I Travestiti
The extensive photographic ‘novella’ that Lisetta Carmi undertook within the transgender community of the historical city centre of Genoa began on New Year’s Eve 1965, when she was invited with her friend Mauro Gasperini to attend a party organised by members of said community.
From that evening on, after taking her first few images, she shared many moments in the trans community’s daily lives – their ways of dressing and putting on make-up, of cooking up a meal, or of earning a living with sex work. Driven by an unerring belief in the right of every individual to define their own identity, she entered into the most hidden intimacies with respect, understanding and love, without voyeurism, and with the goal of lending dignity to every recorded moment.
Following several failed attempts to find a publisher, the photographic novella finally took concrete form, helped along in part by the scientific work of psychiatrist and psychoanalyst Elvio Facchinelli, and, vitally, by the generous financial support of Sergio Donnabella: the famous book I Travestiti (Transvestites) was released by the publishing house Essedi in 1972.
In this complex project, Carmi turned the classic photographic gaze on contemporary life. She was ahead of her time, pioneering a clear, trenchant and glossy visual idiom that put the controversial issue of gender identity firmly in the public eye in an era when it was spoken of only in scientific studies and debates.

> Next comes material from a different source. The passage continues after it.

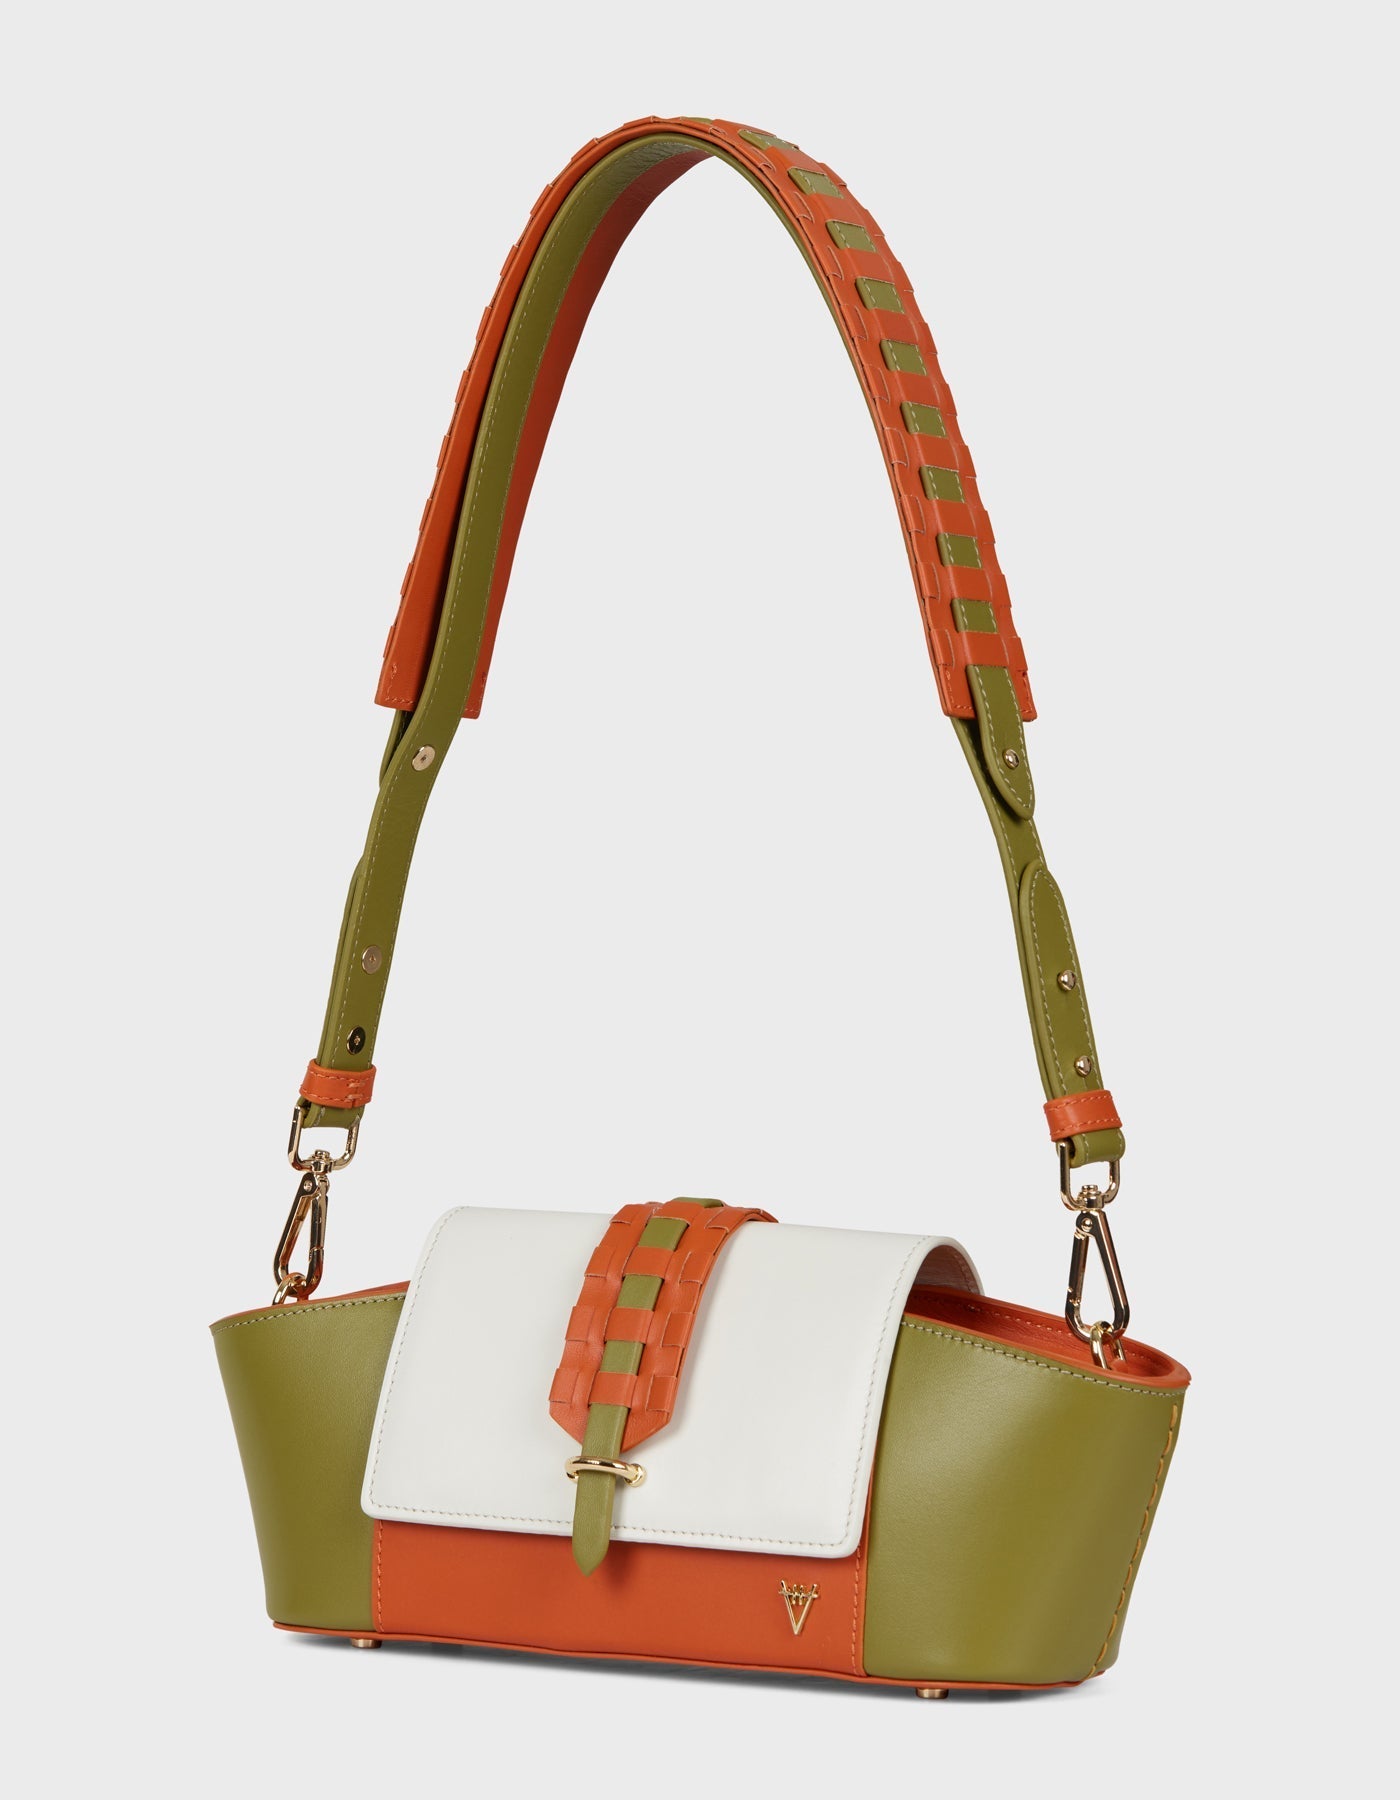 HiVa Atelier | Navis Shoulder Bag Burnt Orange & Olive & Bone | Beautiful and Versatile

Lisetta’s gaze is unmistakable in these photographs: at first it appears objective, but in reality it challenges conventions and bourgeois norms. It is this gaze entirely free of moral judgement that allowed her to enter into her subjects’ cloistered, secret world; and thus during the long years of heartfelt friendship, she was able to record their painful private lives without a trace of cheap sensationalism.